Tout allait un peu plus vite depuis la fin du monde. Y en a qui avant ça se plaignaient des hommes pressés mais depuis le temps ces hommes s'acharnent et tentent de vous trancher la gorge, ou du moins extorquer un maximum de votre chair jusqu'à ce qu'on vous dise qu'il ne va plus être possible de vous sauver maintenant. Cela dit libre à vous de devenir un de ces cadavres purulents. Et puis je vous parle pas de fièvre, parce que tout de même c'est une putain de fièvre. Alors oui, là tout de suite c'est probablement ce que voit Cliff défiler en grandes bandes de film d'épouvante dans sa tête si sa lame voulait bien se dégager du crâne de la version zombifiée du mec de Loïs Lane. Superman. Ah oui.

De toute façon quelqu'un comme Anaïs Cunningham finira par vous décevoir, forcément. Parce qu'elle aura beau avoir les yeux grands comme ça! Un cœur gros comme ça! De belles pensées comme ça! Bah ça reste la fille que vous aimez, un peu trop vite. Ouais c'est le seul humain dans votre entourage qui semble avoir gardé toute son humanité, tout ce qui la fait trembler encore. Aussi fort qu'il aimera cette Anaïs, il pourra pas se retenir quand son prénom traversera les contours de sa bouche, et c'est vrai il parlait plus beaucoup. Mais faut que Sydney le retienne, honnêtement faut qu'il lui attrape les bras parce que Andrew s'est occupé de choper sa sœur et de la pousser plus loin.
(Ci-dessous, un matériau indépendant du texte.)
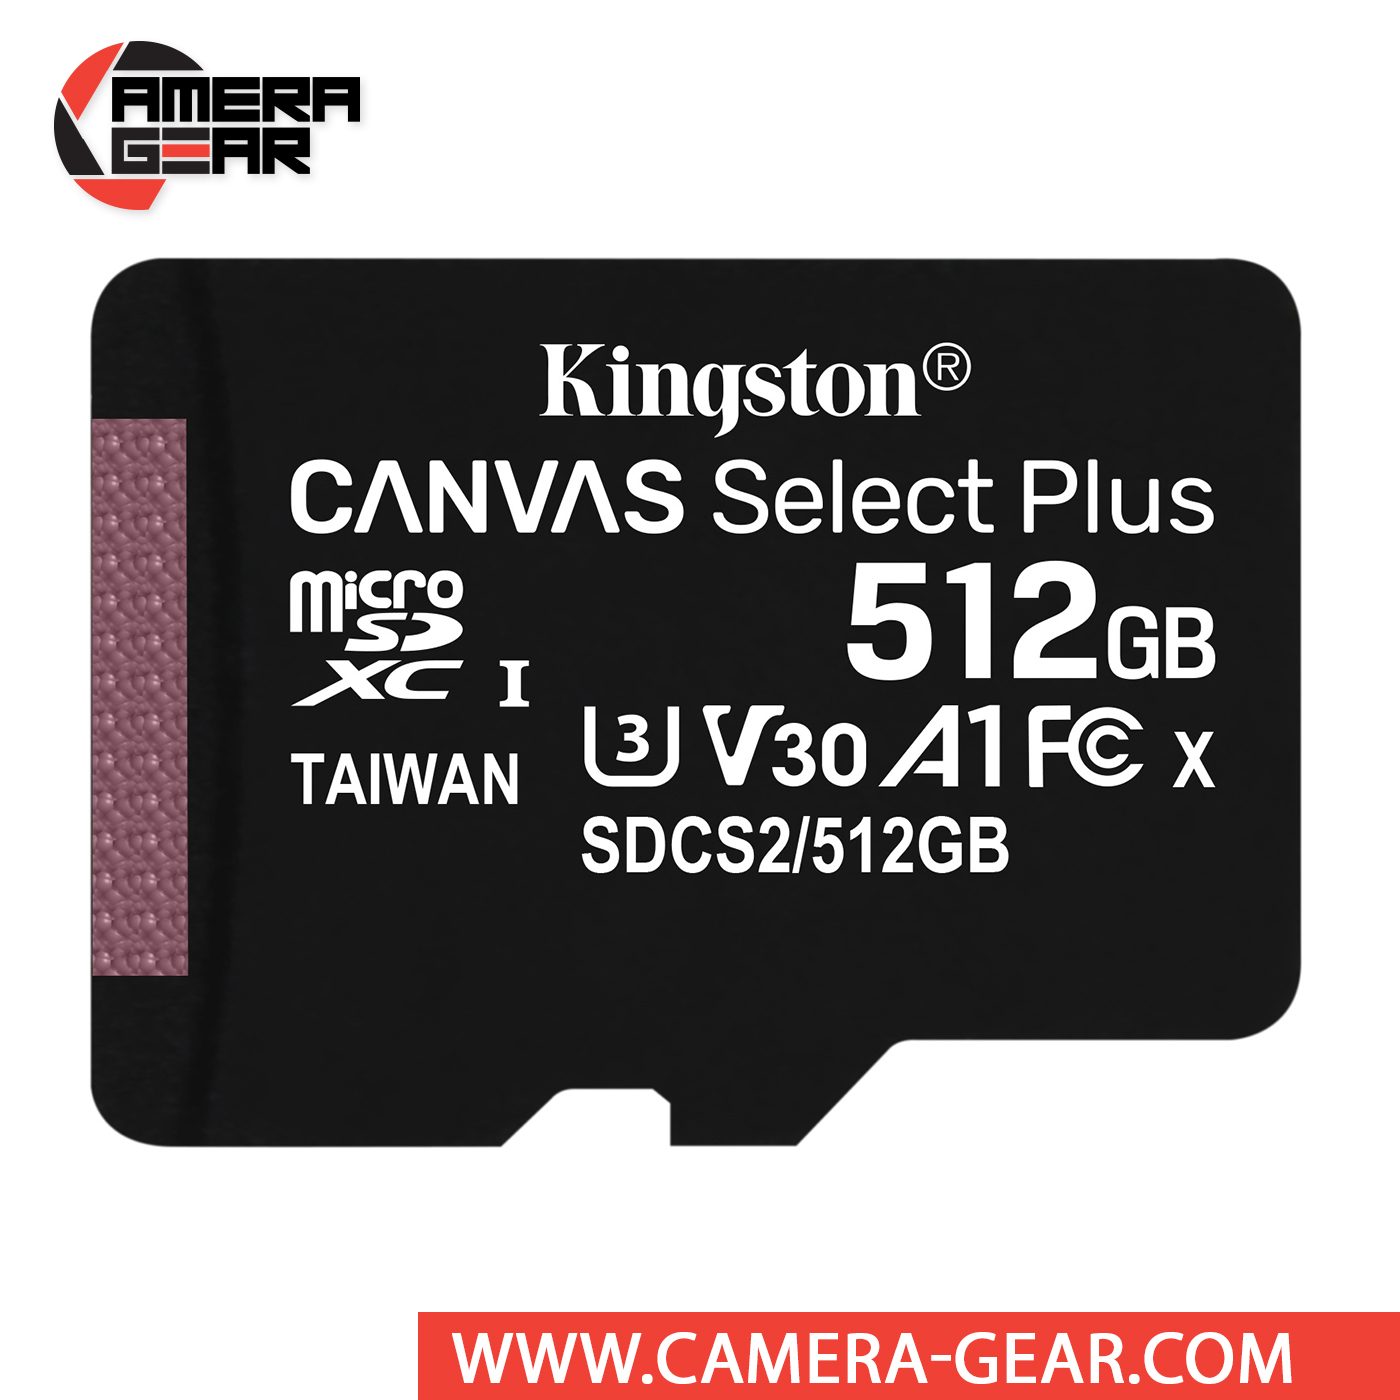 100MBs Works with Kingston Kingston 512GB Asus ZenFone 2 MicroSDXC Canvas Select Plus Card Verified by SanFlash.

Tout va très vite depuis la fin du monde.

Et il changera pas ce que ce merdeux a fait à Anaïs. Et c'est pas comme cette fois où un petit con lui a volé une partie de sa vie. Ce jour-là c'est sans aucun doute sa vie tout court. Non vraiment Cliff, c'était pas le moment de jouer au gamin. Vous étiez sortis avec Sydney. La chaleur de dehors happait sous le toit en plexiglas. Andrew n'avait jamais été figure d'autorité pour Cliff. Après tout c'était le premier à lui avoir foutu un pain dans la gueule sans trop broncher. Bon fœtus Cliff faisait pas dans le dégât.

Fallait arrêter de croire que dans cette version détériorée du monde on comptait buter que des cadavres parce que le groupe s'était retrouvé dans maintes situations délicates mais c'était pas une raison non plus pour perdre la tête aujourd'hui, Cliff. Pas bien stable mais. Ce gosse se démerdait voyez. A vrai dire aucun d'eux n'avait été physiquement ou mentalement préparé pour ça donc on va pas s'amuser à les appeler les Chevaliers de l'Apocalypse ( non on se calme. )

Parfois Cliff se rappelle de l'Anaïs d'avant qui venait le matin lui embrasser le cou. Il aurait aimé aujourd'hui qu'elle enfile une armure qui recouvre sa nuque, qu'elle ne fasse pas mieux que ces héroïnes de fantasy à la poitrine encombrée d'un métal excessivement lourd. Et c'est vrai qu'il l'avait tirée plus fort que Sydney par dessous les épaules. Il n'en pouvait plus de cette trouille qui le prenait là. Alors qu'il s'en foutait du reste, de se salir les mains, mais Anaïs.

Andrew leur avait dégagé la voie, du coup ils étaient sortis avant les autres. Cliff pas vraiment sûr de vouloir comprendre ce qui allait se passer maintenant. Il la tenait et ils s'étaient rapprochés des pompes à essence parce que c'était le café-restaurant typique d'autoroute. S'ils pouvaient récupérer des conserves ils partiraient vite. Cliff supportait pas que tout aille si vite. Elle portait sa machette à bout de bras maintenant, le revers traînait sur le bitume, coupait la ligne blanche de stationnement. Un an plus tôt vous auriez jamais vu ça. Jamais. Pas de fille agonisant entre deux bornes qu'acceptaient la Master Card et refourguaient diesel et 98 à tous les gogos du pays. Pas de fille par terre non. Pas Anaïs.

Sydney le toise, l'œil fou de Cliff qui tranche avide le bras foutu d'Ana. Pardon Ana.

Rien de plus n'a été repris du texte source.